To minimize memory consumption, at the cost of a moderate performance hit, you can load and process the result sets lazily by passing the lazy
parameter to the JDBC and ODBC connection strings or use a similar method available for Java, .NET and C++ APIs:
SqlFieldsQuery query = new SqlFieldsQuery("SELECT * FROM Person WHERE id > 10");
// Result set will be loaded lazily.
query.setLazy(true);
jdbc:ignite:thin://192.168.0.15?lazy=true
Querying Collocated Data
Whenever Ignite executes a distributed query, it sends sub-queries to individual cluster members and groups the results on the reducer node. If you know in advance that the data you are querying is collocated by the GROUP BY condition, you can use SqlFieldsQuery.collocated = true
to reduce network traffic between the nodes and query execution time.
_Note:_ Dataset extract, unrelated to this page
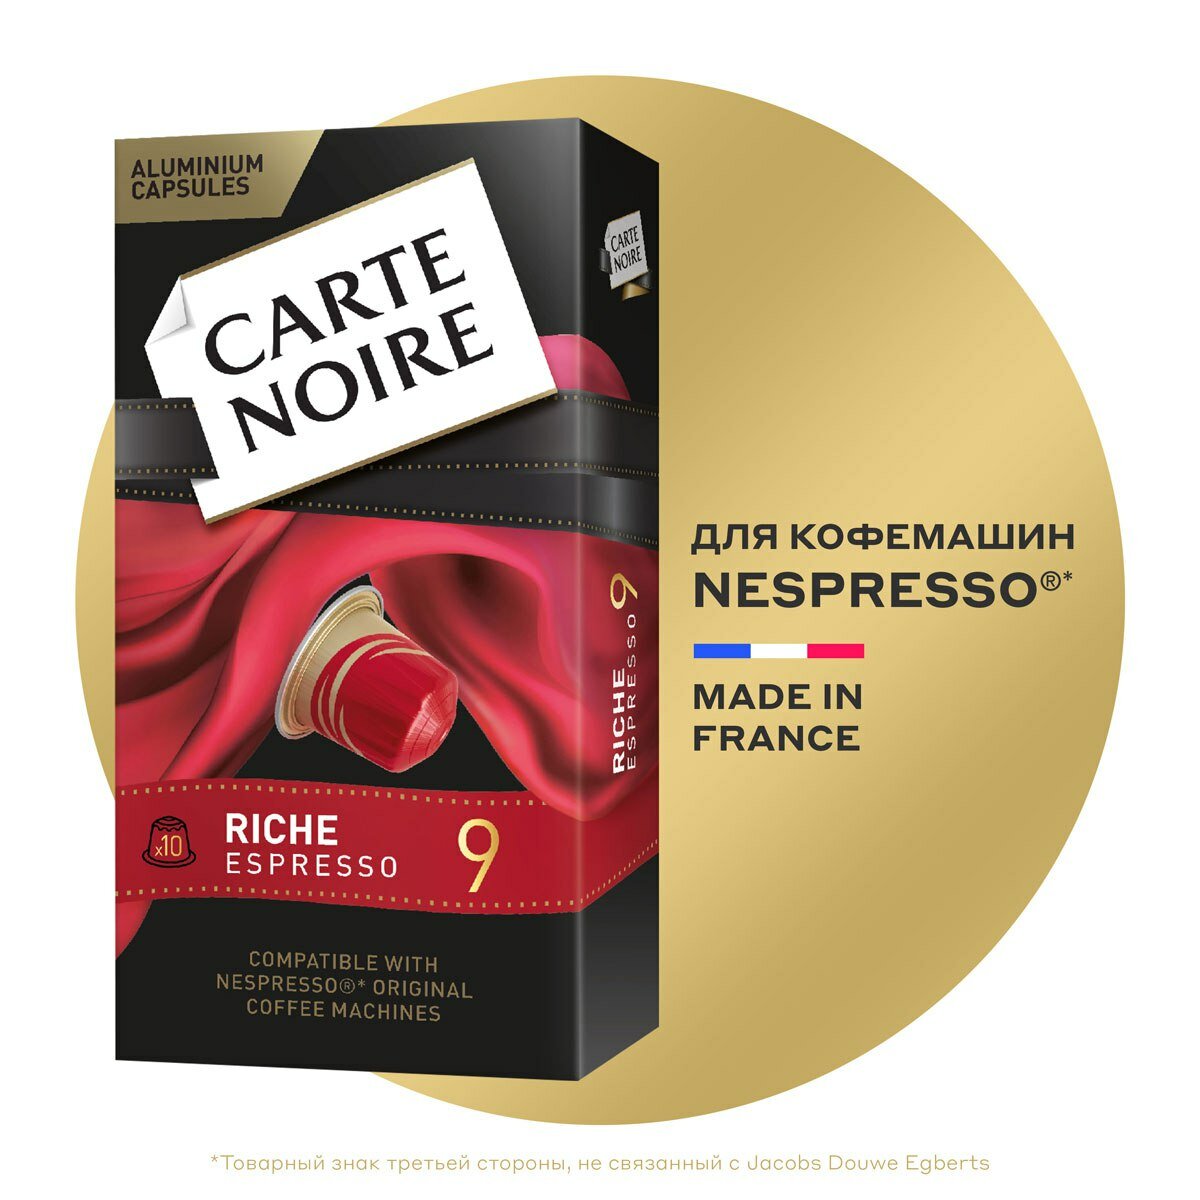 Кофе в капсулах Carte Noire Rich Espresso 9 для системы Nespresso, 10 шт, 52 г - фото №1

When this flag is set to true
, the query is executed on individual nodes first and the results are sent to the reducer node for final calculation. Consider the following examples, in which we assume that data is collocated by department_id
.
Example 1.
SELECT SUM(salary) FROM Employee GROUP BY depatment_id
Because of the nature of the SUM operation, Ignite will sum up the salaries over the elements stored on individual nodes and, then, send these sums to the reducer node where the final result will be calculated. Enabling the collocated flag will only slightly improve performance.
Example 2.
SELECT AVG(salary) FROM Employee GROUP BY depatment_id
In this example, Ignite has to fetch all (salary, department_id)
pairs to the reducer node and calculate the results there. However, if employees are collocated by the department_id
field, i.e. employee data for the same department is stored on the same node, setting SqlFieldsQuery.collocated = true
will reduce query execution time, because Ignite will calculate the averages for each department on the individual nodes and send the results to the reducer node for final calculation.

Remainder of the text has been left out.